— Извините, — прервал ее Пол, — сказав "мюзикл", вы имели в виду Гилберта и Салливана?
Она наградила его таким взглядом, на какой можно нанизывать кебаб.
— Ладно, пусть не мюзикл, а оперетта. Вам они нравятся?
— Нет.
Она едва заметно кивнула, словно была вынуждена признать, что ответ верный.
— Поэтому я пошла за сцену и так ему и сказала. Сказала, что, на мой взгляд, какой нам смысл встречаться. А он сказал, что не понимает, о чем я, а я сказала, вот именно, вот почему нам нет смысла тянуть эту лямку дальше, потому что мы оба просто сами себе лжем, просто нет никакого...
— Смысла?
Она кивнула.
— А потом я вернула ему CD, который он подарил мне на прошлое Рождество, и авторучку, которую он мне одолжил четыре месяца назад, когда мы ходили на байк-шоу в Эрлз-корт, и ушла.
— Понимаю, — сказал Пол. — Значит, этот тип — любитель Гилберта и Салливана?
Нахмурившись, она пожала плечами:
— Раньше не был. Раньше ему было дело только до тяжелых байков, защиты животных и борьбы против глобального потепления. А потом, с месяц назад, он стал вдруг совсем странный. Начал носить соломенные шляпы и дурацкие вышитые жилетки, сказал, что вступил в любительский драмкружок и что будет звездой в дурацкой оперетте, которую они ставят. Он словно в другого человека превратился. Взял и ни с того ни с сего превратился.
Пол на минуту задумался, якобы над ее словами. Но вместо того чтобы сказать, что у него на уме, выпалил:
— Такое впечатление, что у него появился кто-то еще.
— Вот и я так думала, — вздохнула она. — Только сомневаюсь. Ему ведь все время хотелось, чтобы я ходила на репетиции или слушала, как он репетирует свой дурацкий текст. Я, конечно, говорила ему, чтобы не приставал, но он все равно просил. Поэтому едва ли тут другая девушка. — Она нахмурилась: — А когда я сказала ему, что все кончено, вид у него был искренне удивленный, точно для него это полная неожиданность. Если бы он нашел другую, то наверняка был бы счастлив, что может со мной порвать, как по-вашему?

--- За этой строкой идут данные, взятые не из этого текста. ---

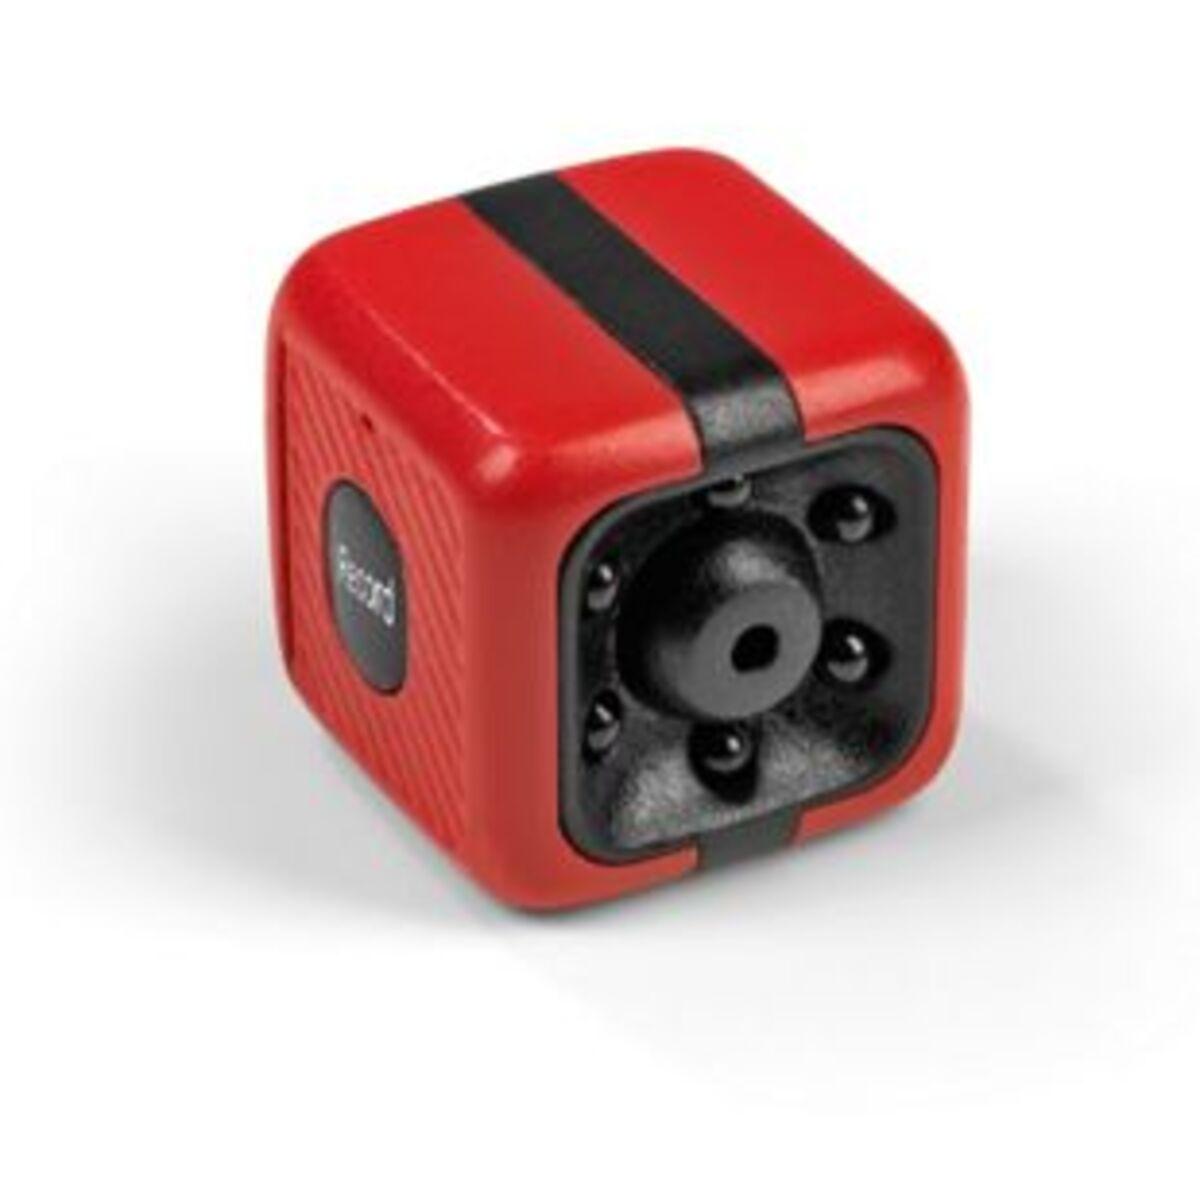 Bild 2 von EASYmaxx Mini-Kamera mit Speicherkarte 8GB

— Наверное, — ответил Пол, а потом его осенило, точно он сэр Исаак Ньютон и ему на голову только что упало огромное вкусное запеченное яблоко. Да, до недавнего времени у худой девушки был парень. Но сейчас этот парень в "Общественном центре искусств Хайгейт" щебечет, как впавший в маразм соловей, а он, Пол, тем временем сидит с ней в пабе. Более того, следовало учесть совпадение во времени. В самый темный для нее час, когда она больше, чем когда-либо, нуждалась в ком-то Судьба подхватила его в Кентиш-тауне и выбросила тут, в подходящем месте, в подходящее время. Внезапно все обрело смысл — за исключением того довольно дурацкого факта, что Судьба сочла необходимым нарядиться в двух давно покойных пропагандистов поп-культуры девятнадцатого века. Но если Судьба от этого тащится, не ему ее критиковать. Всякому свое, счел он, ведь могло быть гораздо хуже. — Мне, честное слово, жаль, — сказал он со всей искренностью, на какую был способен. — У вас, наверное, ужасно скверно на душе.
Она пожала плечами.
— Немного. Я хочу сказать, да, он мне нравился, в какой-то момент даже очень нравился, но у меня всегда было такое чувство, что когда я с ним, это не настоящая я, если вы улавливаете, о чем я. Я была не та я, какой хочу быть, я была той, какой он хотел меня видеть, или, во всяком случае, той, какой, по его мнению, мне хочется быть ради него, и ни один из нас не был самим собой, поэтому мы и не могли быть сами собой вместе, поэтому во всем не было никакого смысла — ни для меня, ни для него. Понимаете, о чем я?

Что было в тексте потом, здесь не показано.